[WORK INSTRUCTION]: What is needed is the full listing written out exactly, minus the pictures.
Start of THE DATA
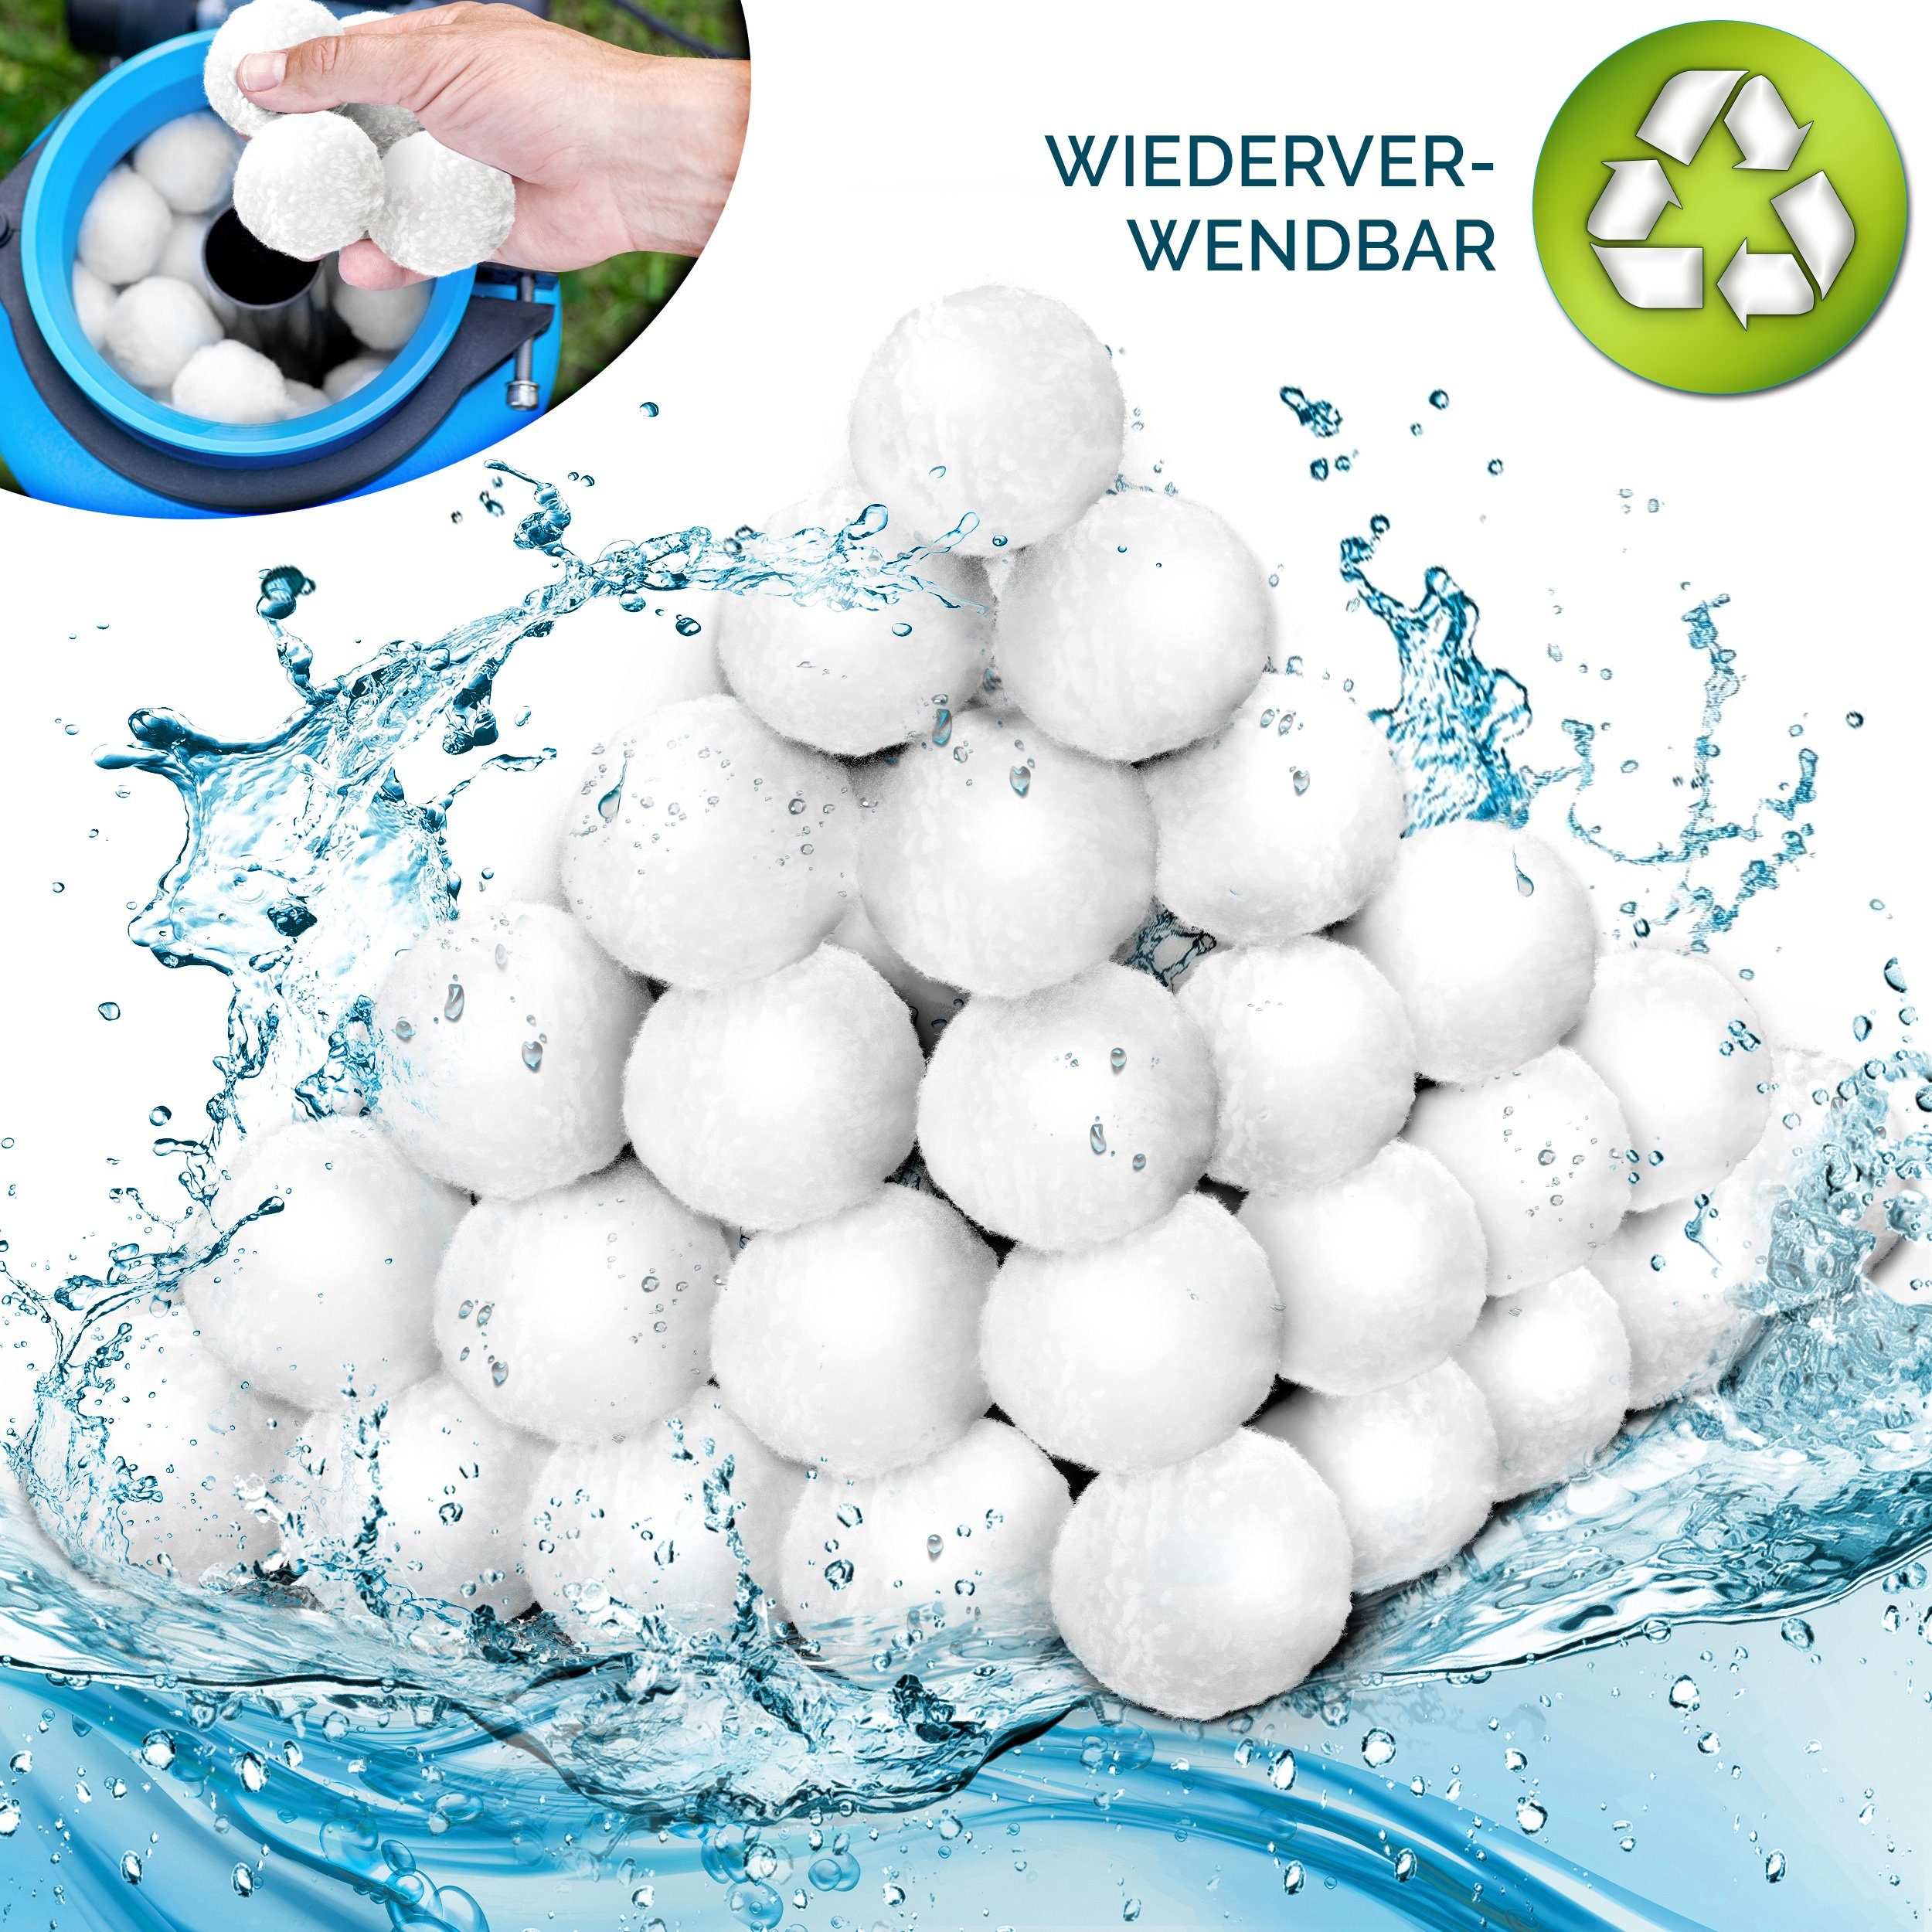 tillvex Filterbälle tillvex® 1400g Pool Filterbälle langlebige Filter Balls für glasklares, für alle gängigen Filtersysteme im Pool- und Spa-Bereich (ersetzt: Sandfilter, Quarzfilter), Filterbälle für Sandfilteranlage
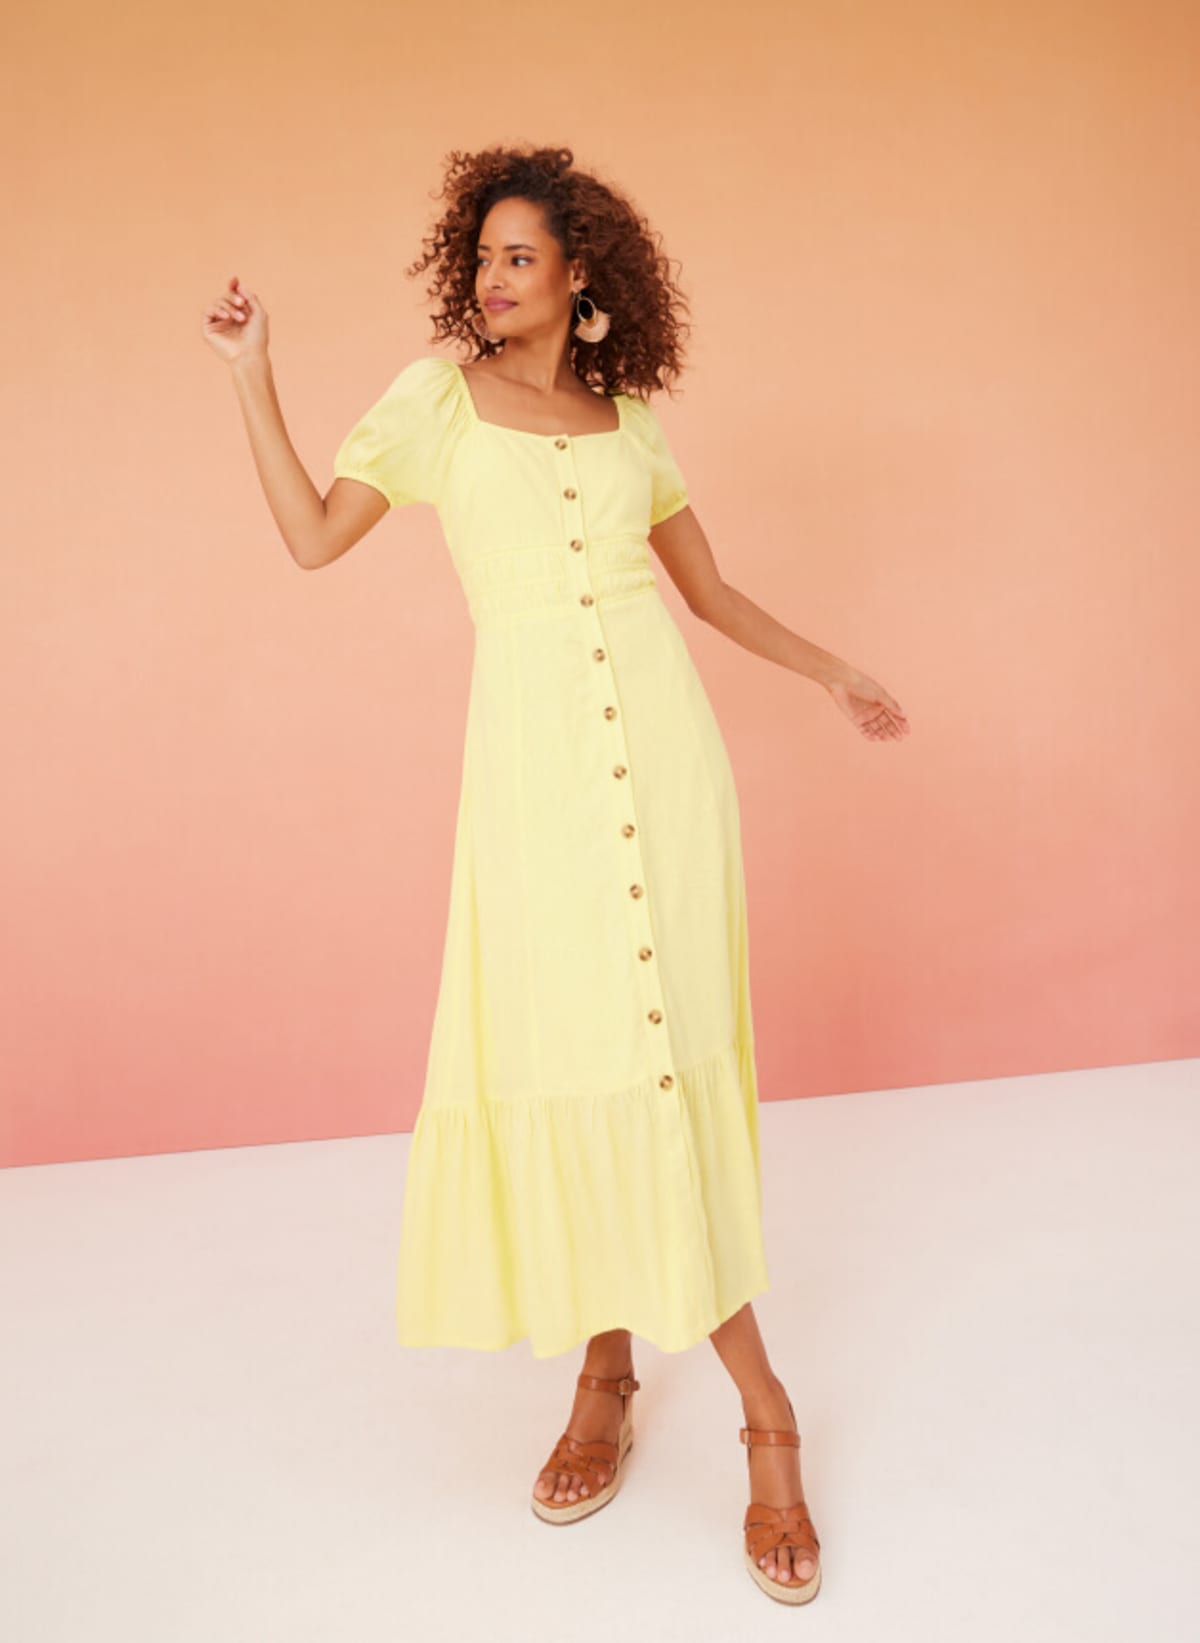 Woman wearing yellow dress
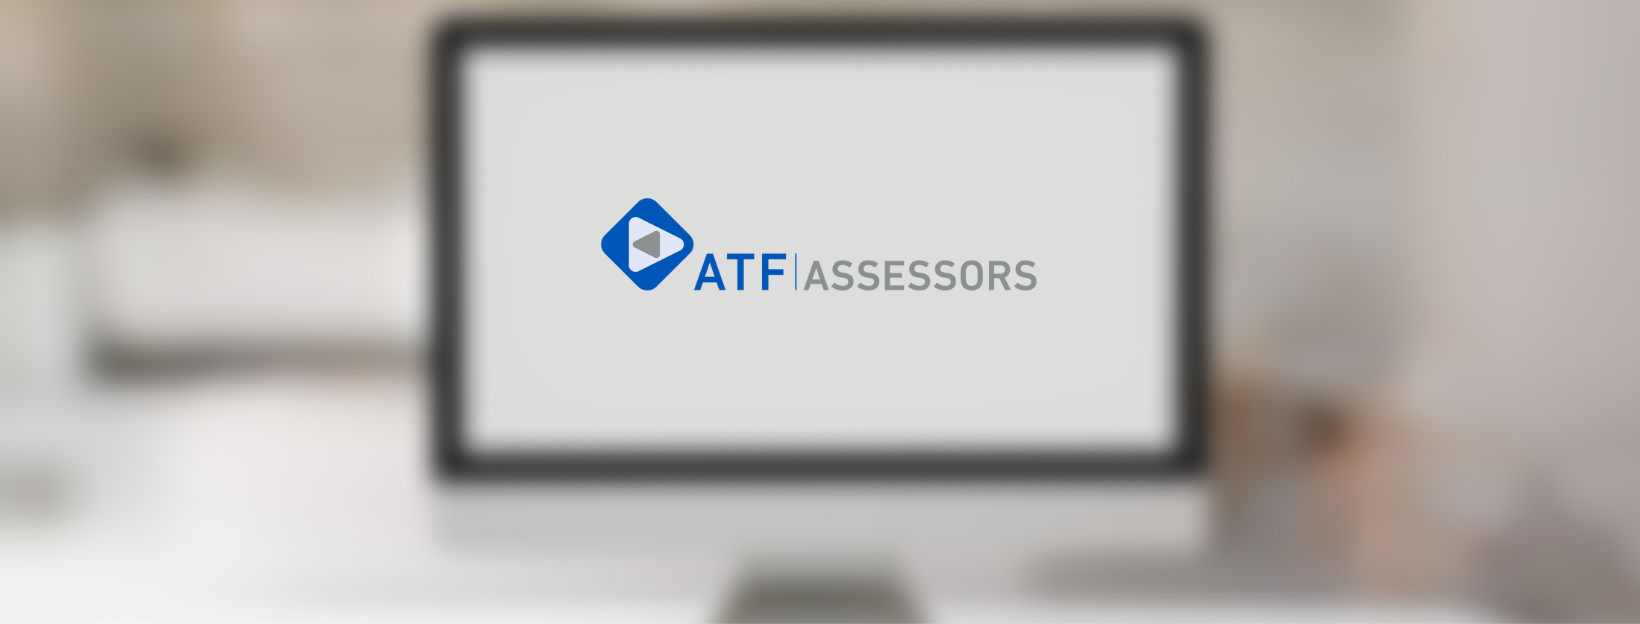 Nova pàgina web per ATF Assessors
End of THE DATA
[WRITTEN ANSWER]:
 tillvex Filterbälle tillvex® 1400g Pool Filterbälle langlebige Filter Balls für glasklares, für alle gängigen Filtersysteme im Pool- und Spa-Bereich (ersetzt: Sandfilter, Quarzfilter), Filterbälle für Sandfilteranlage
 Woman wearing yellow dress
 Nova pàgina web per ATF Assessors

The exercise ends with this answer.